What are ordinary shares?
Ordinary shares, commonly referred to as common shares, represent equity ownership in a company. Shareholders who own these shares have voting rights, enabling them to influence company decisions during annual meetings. They are also entitled to dividends, although the payout depends on the company's profitability. In the event of company liquidation, ordinary shareholders are last in line to receive payment after creditors and preference shareholders. If you're considering leveraging your ordinary shares for liquidity, you might explore options like a loan against shares.Key differences between ESOP and ordinary shares
Aspect | ESOP | Ordinary Shares |
Ownership | Employees earn ownership over time through a company-established ESOP trust. | Direct ownership acquired by purchasing shares from the stock market. |
Voting Rights | Limited or no voting rights until shares are fully vested. | Full voting rights on a per-share basis. |
Purpose | Primarily serves as an employee benefit and retention tool. | Represents direct investment and ownership in the company. |
Financial Benefits | Offers potential financial gains as employees become shareholders over time. | Entitled to dividends and capital appreciation based on market performance. |
Employees participating in an ESOP gradually become shareholders, gaining financial benefits and an enhanced sense of ownership over time, while ordinary shares offer immediate ownership.
Ownership structure: how it differs between ESOP and shares
- ESOP ownership: The ownership process through ESOPs involves a gradual earning of shares over a vesting period. Employees don't directly own the shares until they are fully vested, and even then, there might be restrictions on selling or transferring them. An ESOP is typically set up as a long-term incentive to retain employees and align their interests with the company's success.

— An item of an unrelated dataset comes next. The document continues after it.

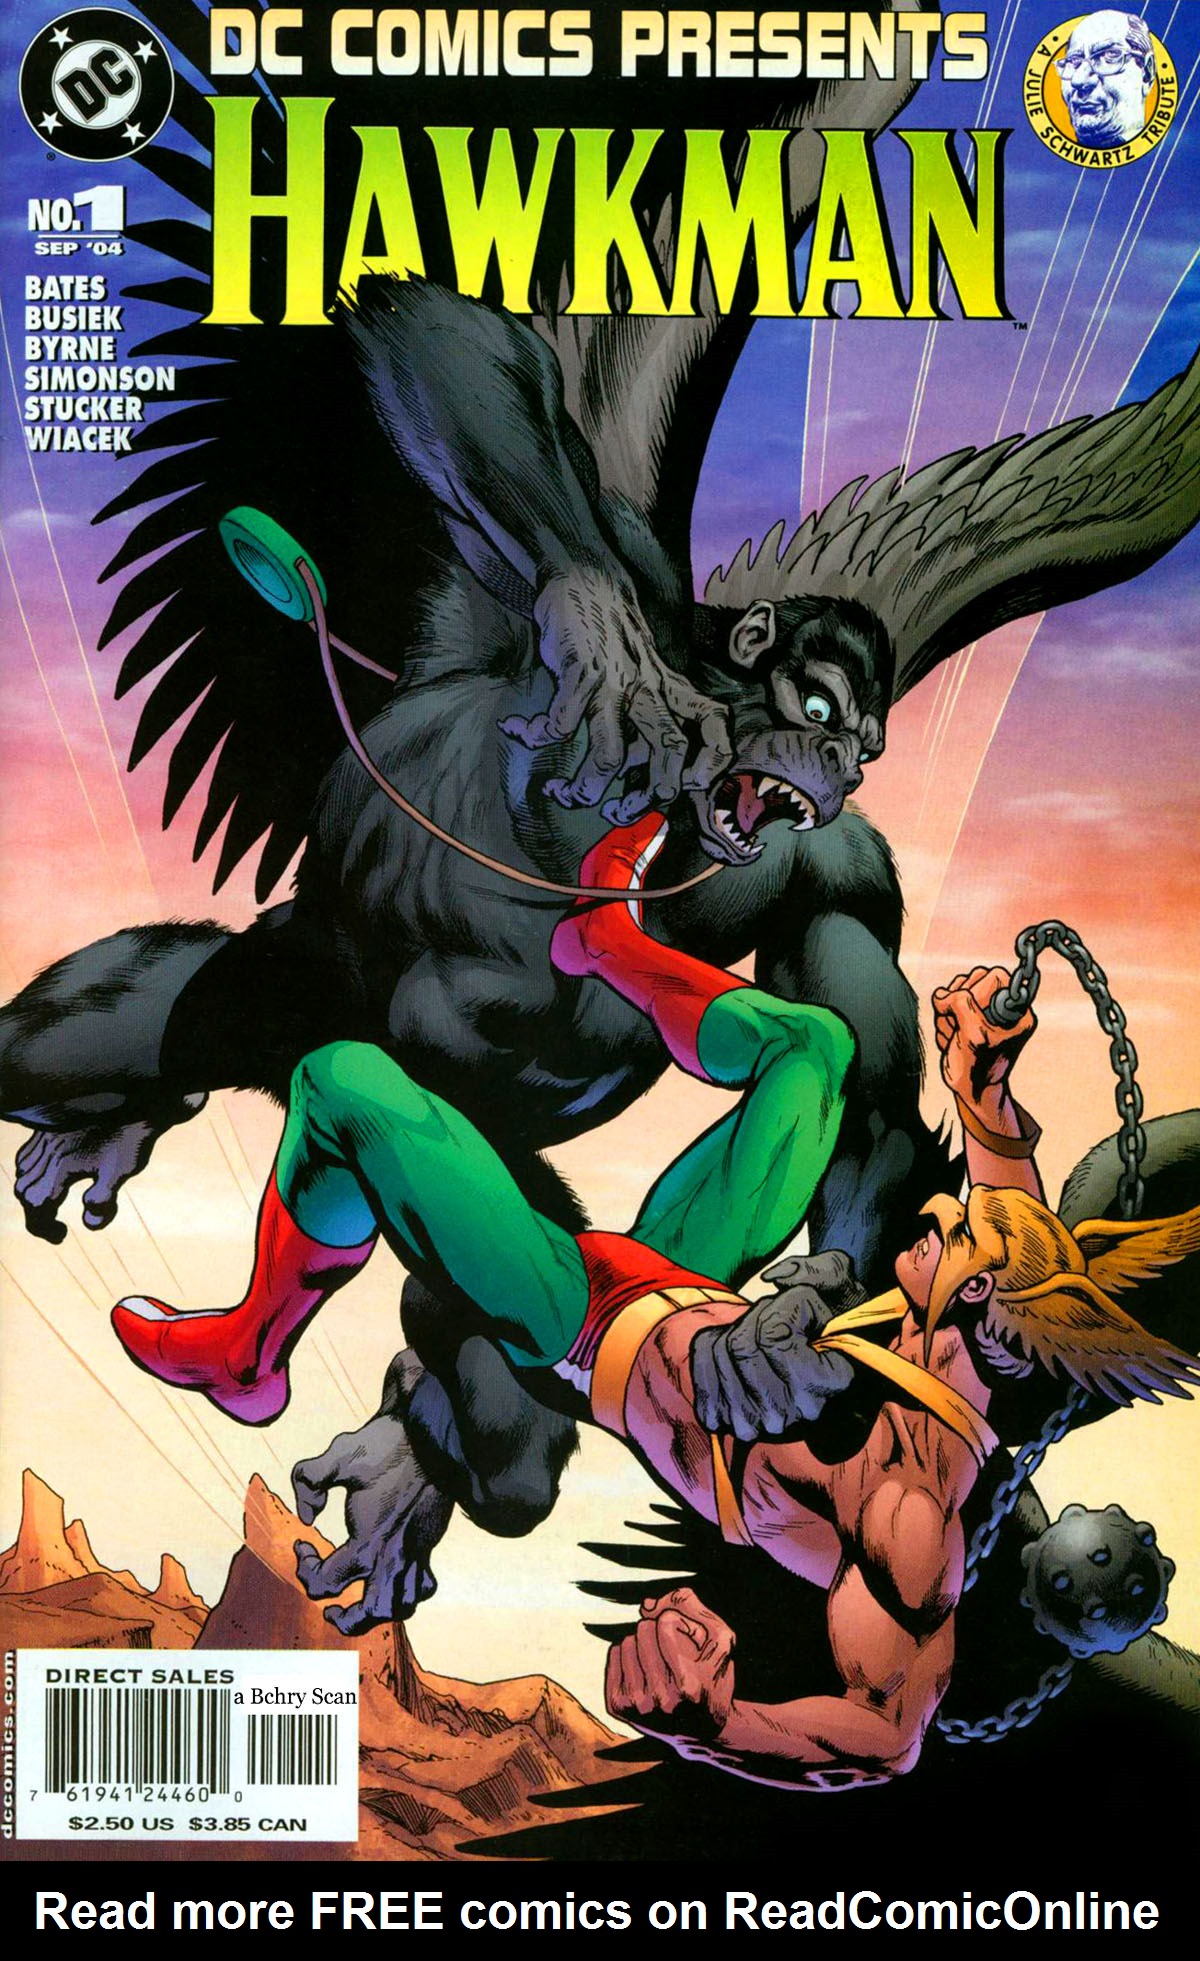 Read online DC Comics Presents (2004) comic -  Issue # Hawkman - 1

- Ordinary shares ownership: Ordinary shares provide direct ownership to investors who purchase them through the stock market, granting immediate rights to buy, sell, or even use them as collateral for a loan against shares.
Vesting periods and their impact on employees
Vesting periods refer to the time employees must wait before gaining full ownership of shares allocated under an ESOP. This period, which usually spans 3 to 5 years, is designed to encourage employees to stay with the company for the long term. The vesting period plays a significant role in determining when employees can exercise their rights to sell or transfer their shares, impacting their financial gains and overall job satisfaction. Through an ESOP, employees are gradually introduced to ownership, which can lead to enhanced loyalty and motivation.Voting rights in ESOP vs ordinary shares
Aspect | ESOP | Ordinary Shares |
Voting Rights | Limited or no voting rights until shares are fully vested; even then, rights may be restricted. | Full voting rights per share, allowing shareholders to participate in company decisions. |
Influence | Employees generally have minimal influence on company decisions. | Shareholders with more shares have greater influence in company matters. |
While ordinary shareholders enjoy immediate voting rights and influence in the company, ESOP participants gain such rights gradually, typically after the vesting period is complete. This distinction highlights how the journey of ownership differs between ESOP and ordinary shares, catering to different goals and investment strategies.